In news from the “no surprise” department last week, third quarter earnings for three major U.S. oil companies – ExxonMobil, Chevron and Texaco – handily surpassed analysts’ expectations on the wave of surging oil and gas prices. ExxonMobil beat predictions by six cents, Texaco beat the estimates by 12 cents and Chevron also soared, rolling over an expected earnings forecast by 54 cents.

Excluding the effects of its merger, ExxonMobil earned a record $4.29 billion in the third quarter, or $1.22 a share – up 96% from $2.19 billion, or 62 cents per share in the third quarter of 1999. Texaco’s income before special items rose 80% to $815 million, or $1.49 a share, compared with income of $453 million, or 83 cents a share in the same period last year.
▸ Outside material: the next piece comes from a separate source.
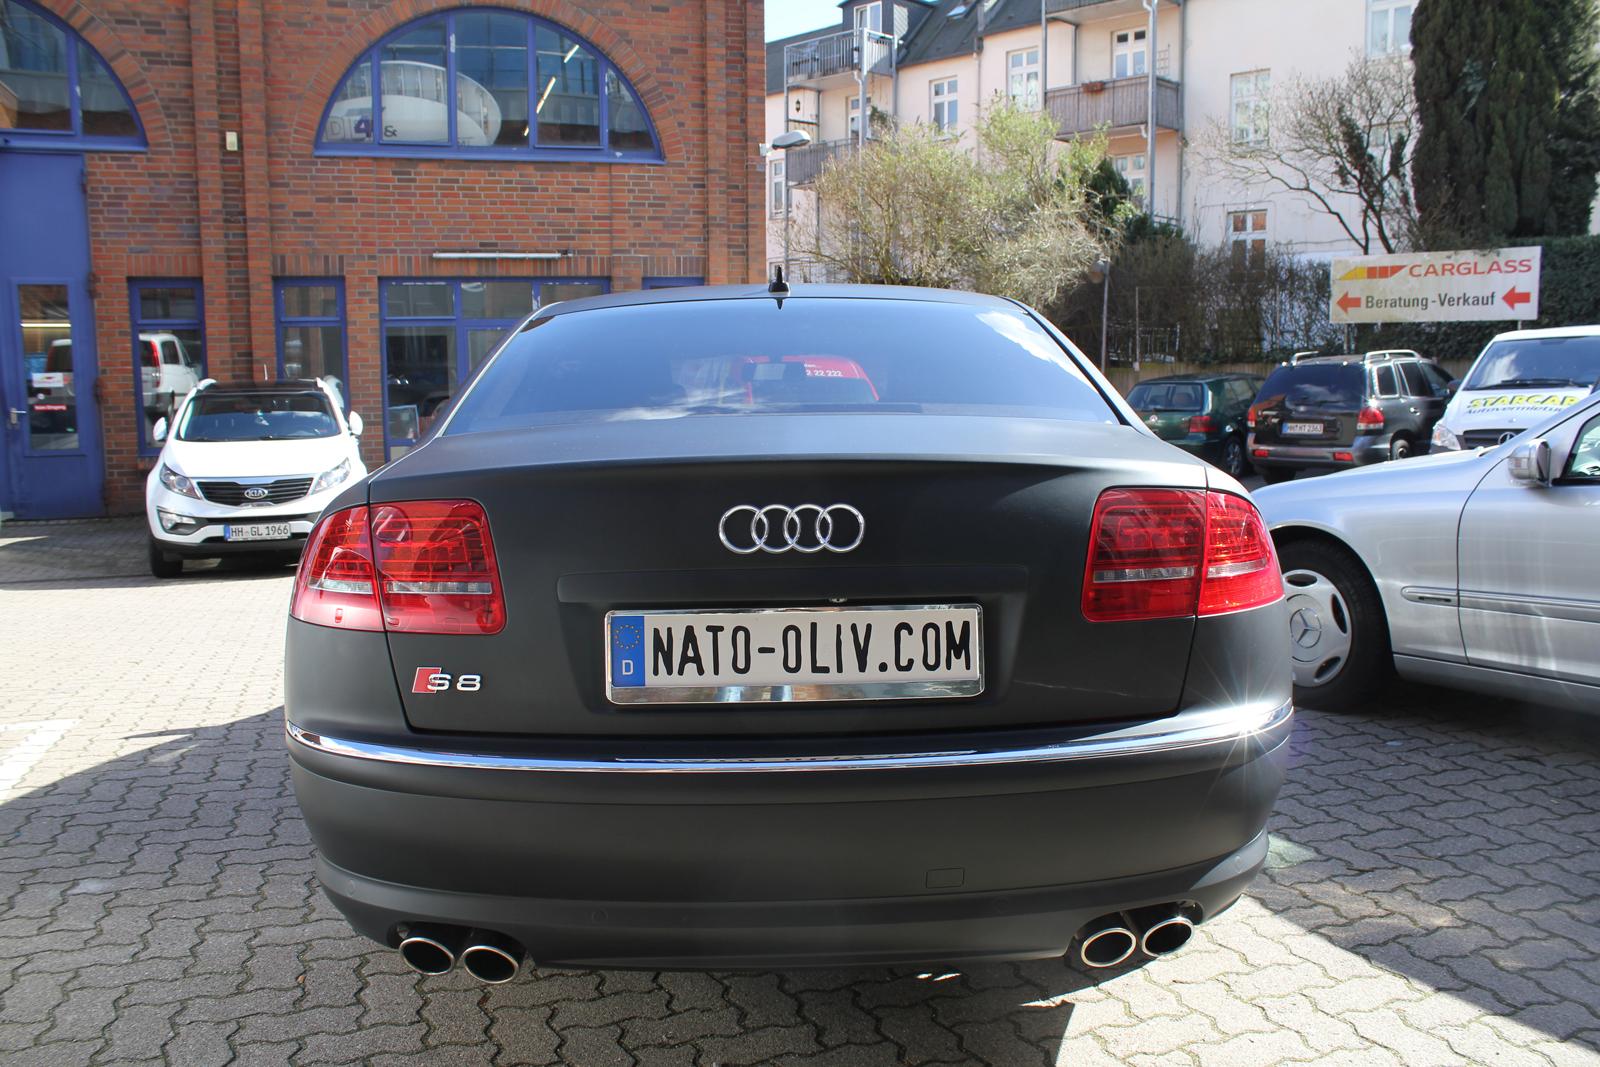 AUDI_S8_CAR-WRAPPING_SCHWARZ_MATT_01
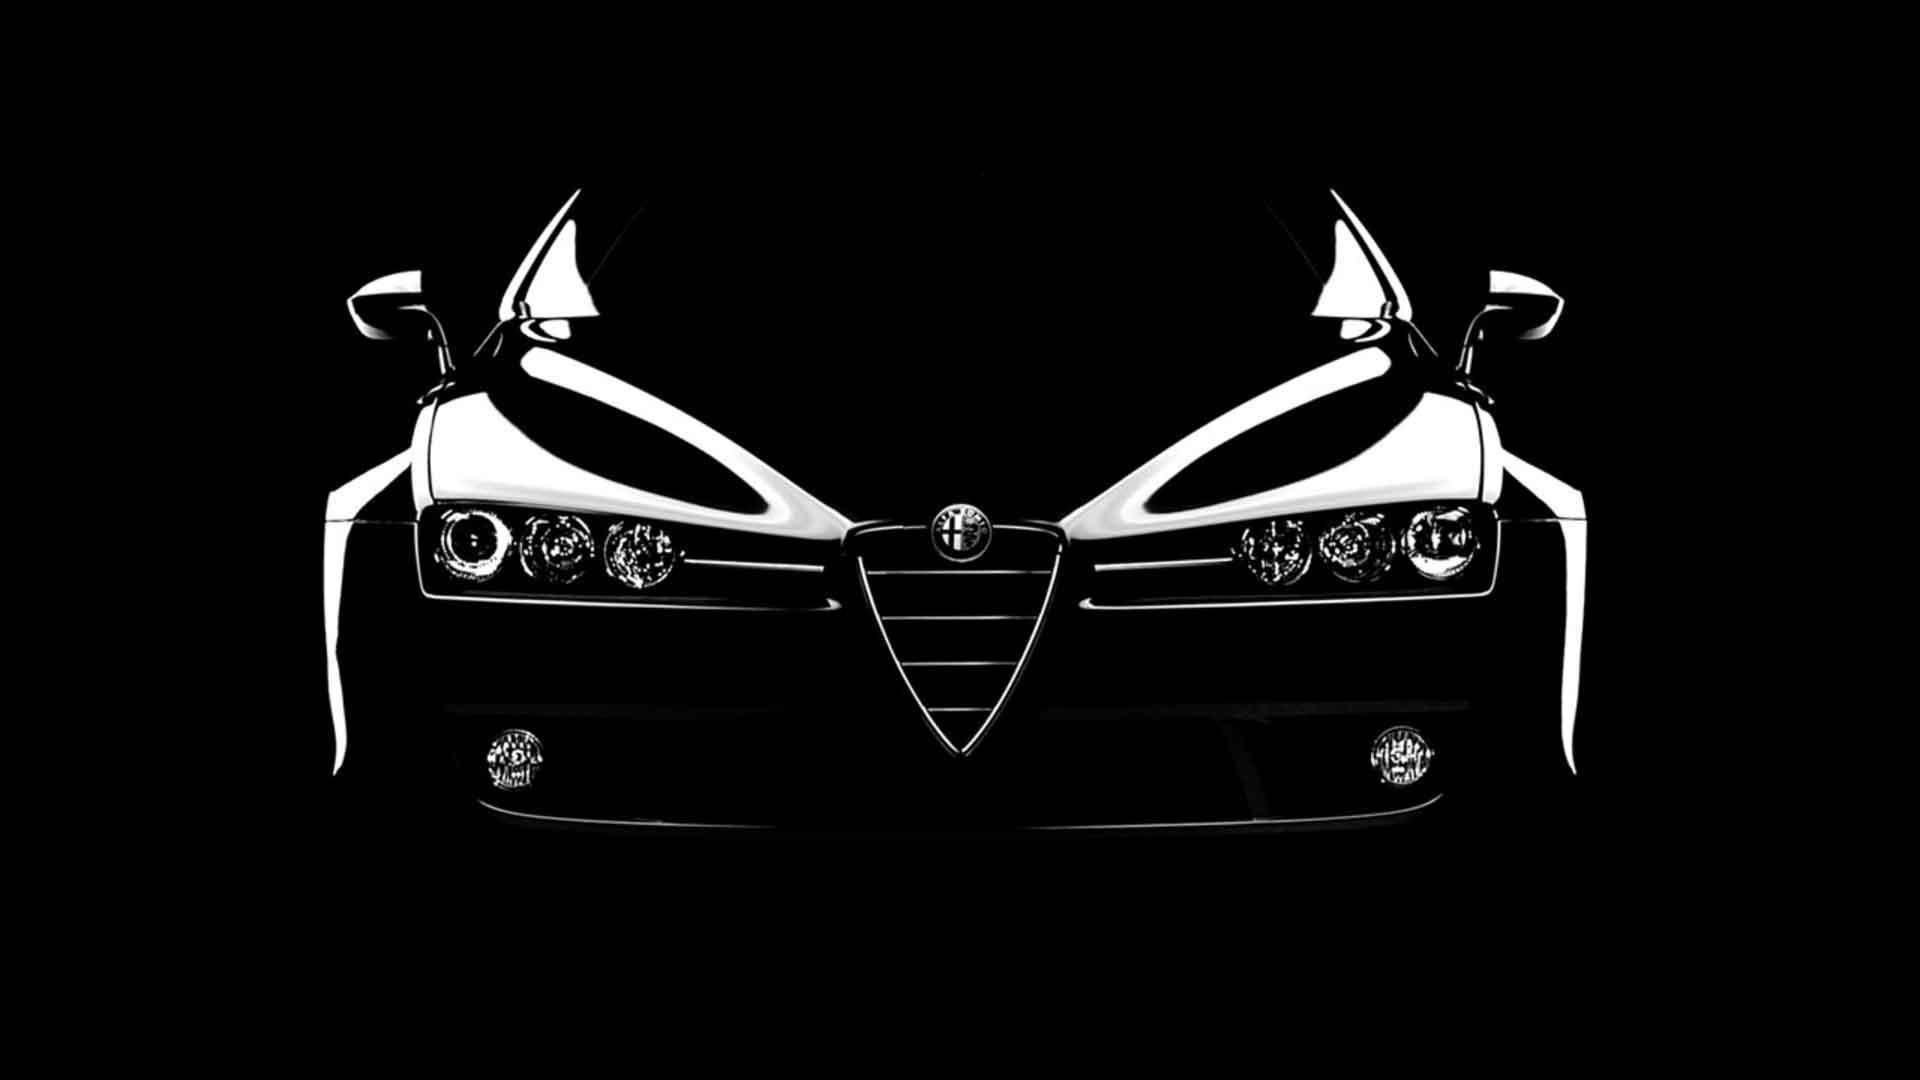 Alfa Romeo 159 Wallpaper 5   1920 X 1080 stmednet 1920x1080

And Chevron more than doubled its earnings in the third quarter, rising to $1.65 billion, or $2.53 a diluted share excluding special items. For the third quarter 1999, Chevron had earned $702 million, or $1.07 per diluted share.

While the third quarter earnings skyrocketed, analysts expect even higher earnings in the fourth quarter. Benefiting from continuing high oil and natural gas prices, Fahnestock & Co. analyst Fadel Gheit said that the next quarter now looks to be even “stronger than the third” for the energy industry.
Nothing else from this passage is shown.